Claim 17 adds a preset condition.
Pan 2016 as evidenced by Muppirala and Shen teaches determining the variance of the k-mers as described above. Shen teaches that the frequencies of the k-mers are normalized to produce numerical values of each protein in a certain range of 0 to 1, which are then used to make the feature vectors (i.e., determining a k-mer subsequence that meets a preset condition according to the variance of each of the k-mer subsequences) (p. 4338, col. 2, par. 2).
Claim rejections - 35 USC 103
In the event the determination of the status of the application as subject to AIA 35 USC 102 and 103 is incorrect, any correction of the statutory basis for the rejection will not be considered a new ground of rejection if the prior art relied upon, and the rationale supporting the rejection, would be the same under either status.
The following is a quotation of 35 USC 103 which forms the basis for all obviousness rejections set forth in this office action:
A patent for a claimed invention may not be obtained, notwithstanding that the claimed invention is not identically disclosed as set forth in section 102 of this title, if the differences between the claimed invention and the prior art are such that the claimed invention as a whole would have been obvious before the effective filing date of the claimed invention to a person having ordinary skill in the art to which the claimed invention pertains. Patentability shall not be negated by the manner in which the invention was made.

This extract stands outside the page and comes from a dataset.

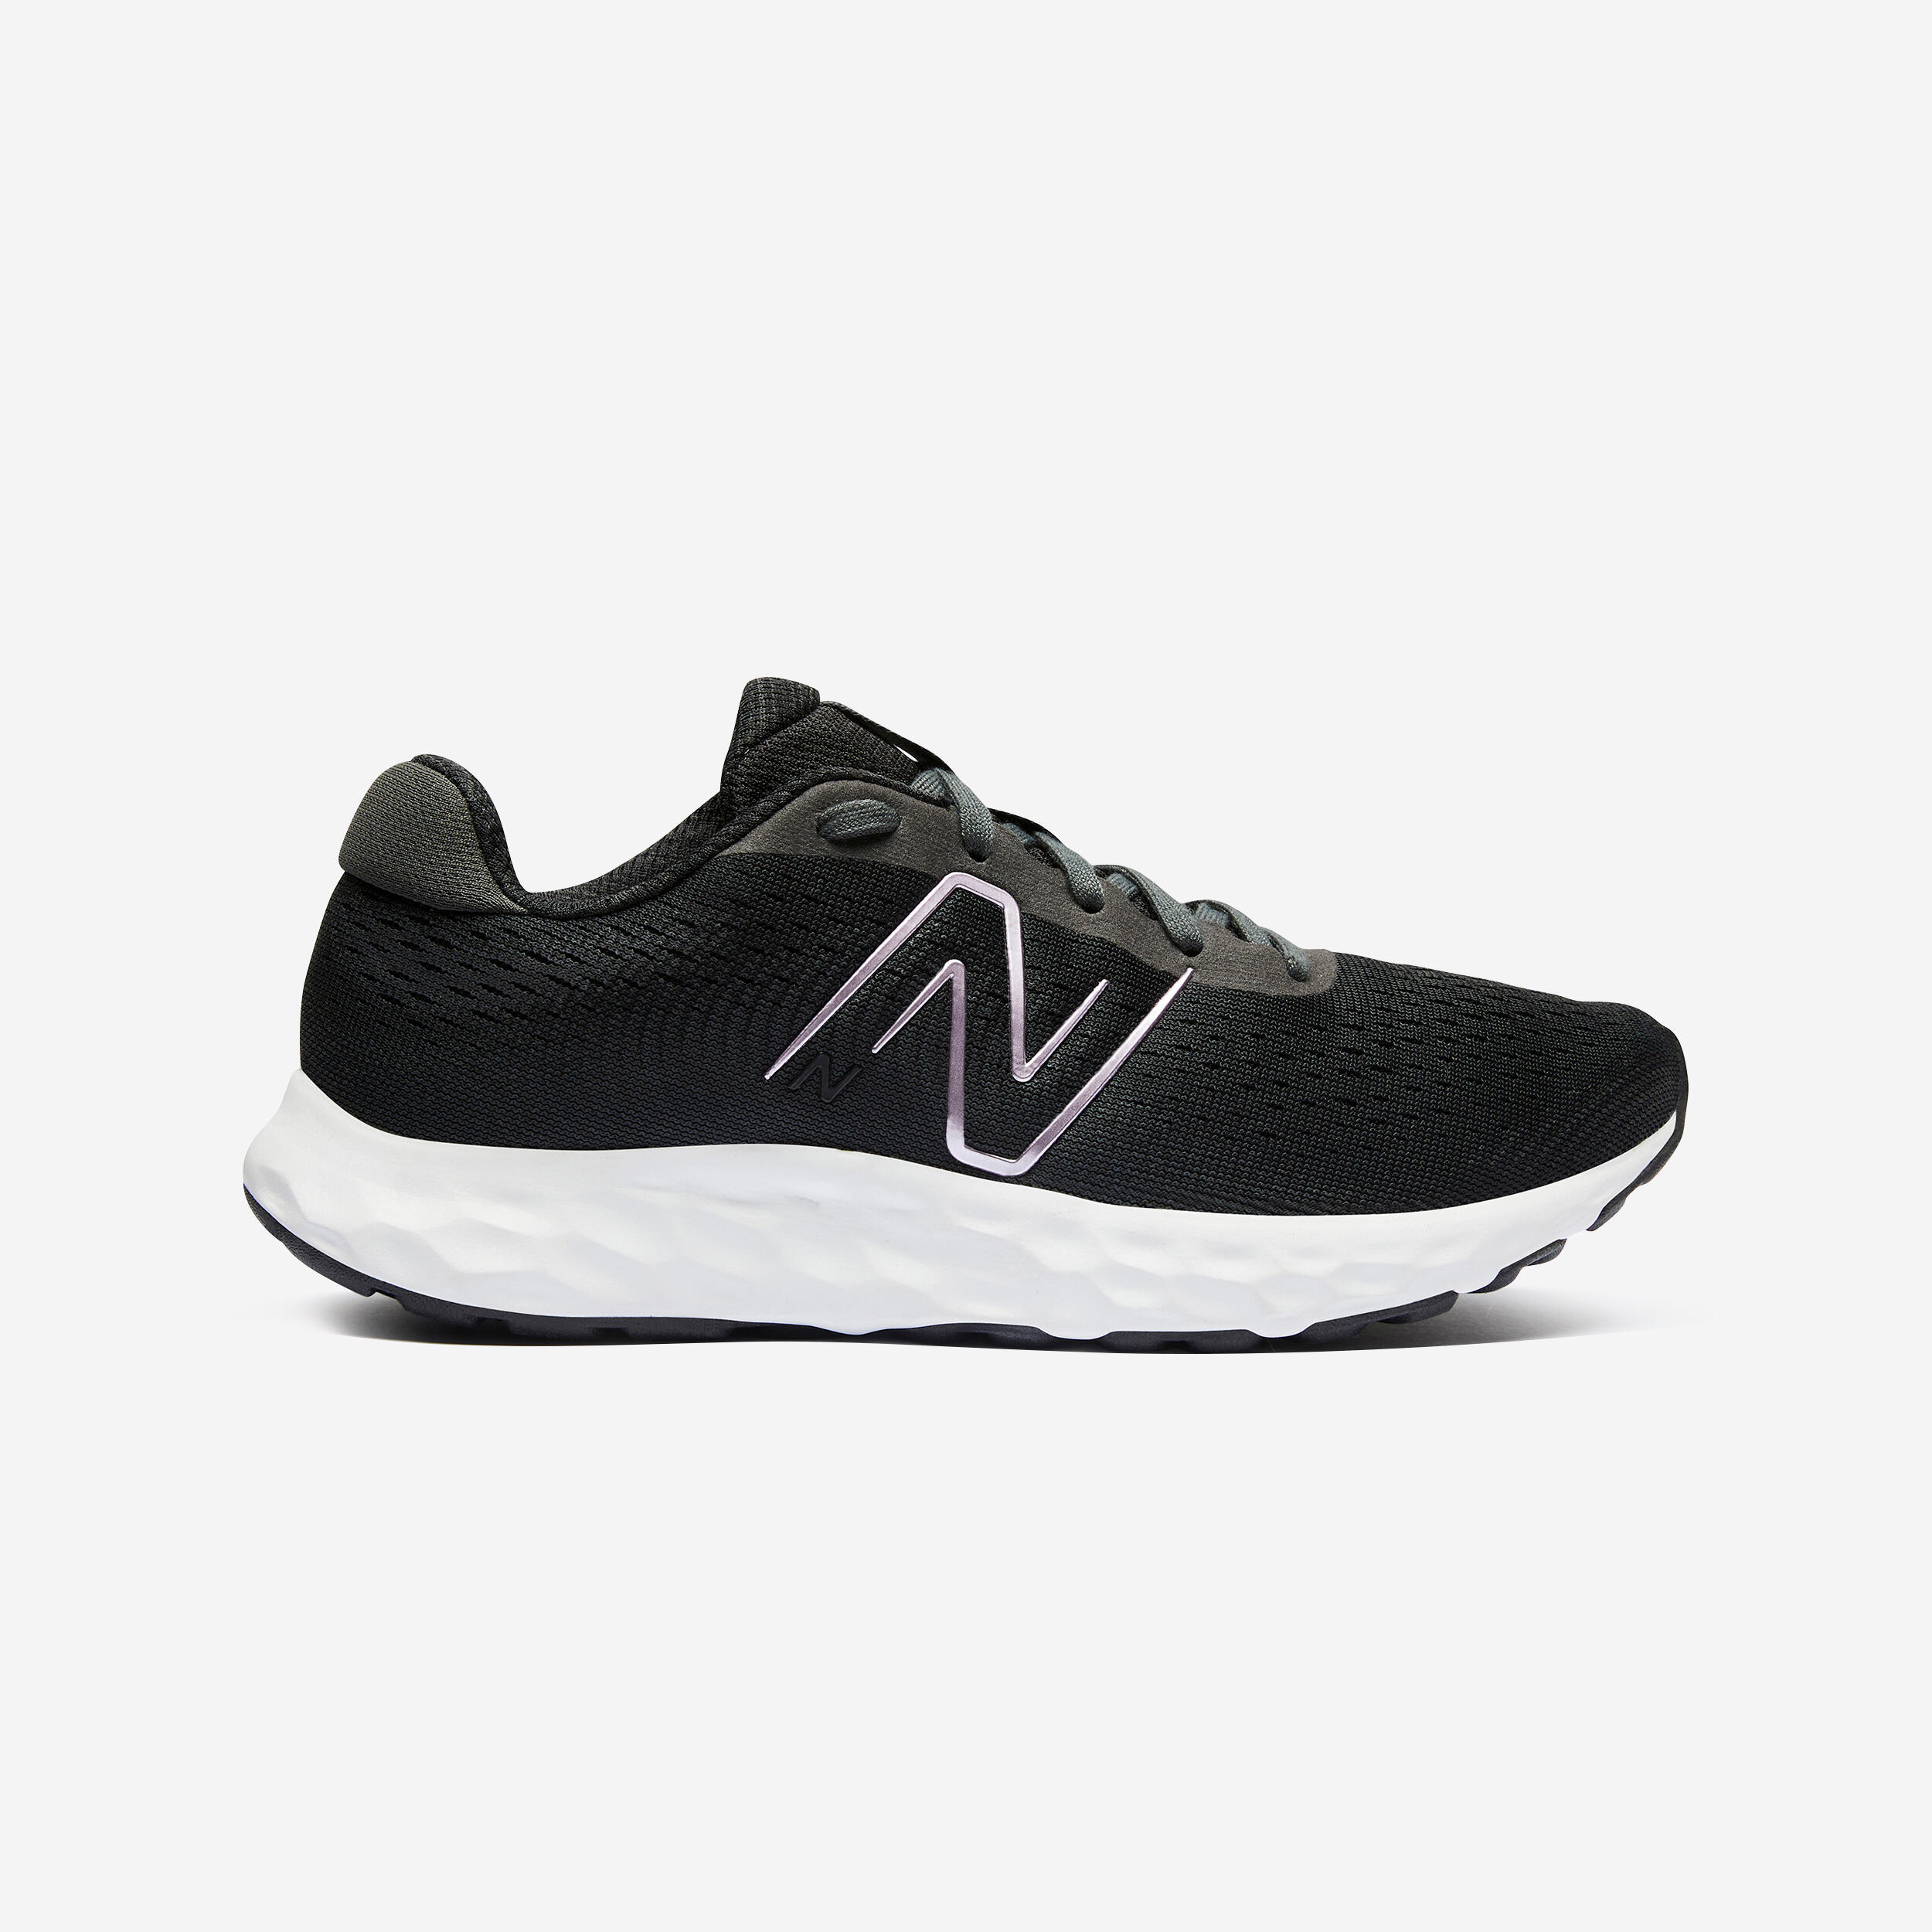 NB W520 v8 BLACK women's running shoes 6/8

This application currently names joint inventors. In considering patentability of the claims the examiner presumes that the subject matter of the various claims was commonly owned as of the effective filing date of the claimed invention(s) absent any evidence to the contrary. Applicant is advised of the obligation under 37 CFR 1.56 to point out the inventor and effective filing dates of each claim that was not commonly owned as of the effective filing date of the later invention in order for the examiner to consider the applicability of 35 USC 102(b)(2)(C) for any potential 35 USC 102(a)(2) prior art against the later invention.
Claim 11
Claim 11 is rejected under 35 USC 103 as unpatentable over Pan 2016 as applied to claims 1 and 10 above, as further evidenced by Hu (as cited on the attached form 892) and in further view of Pan 2018 (as cited on the attached form 892).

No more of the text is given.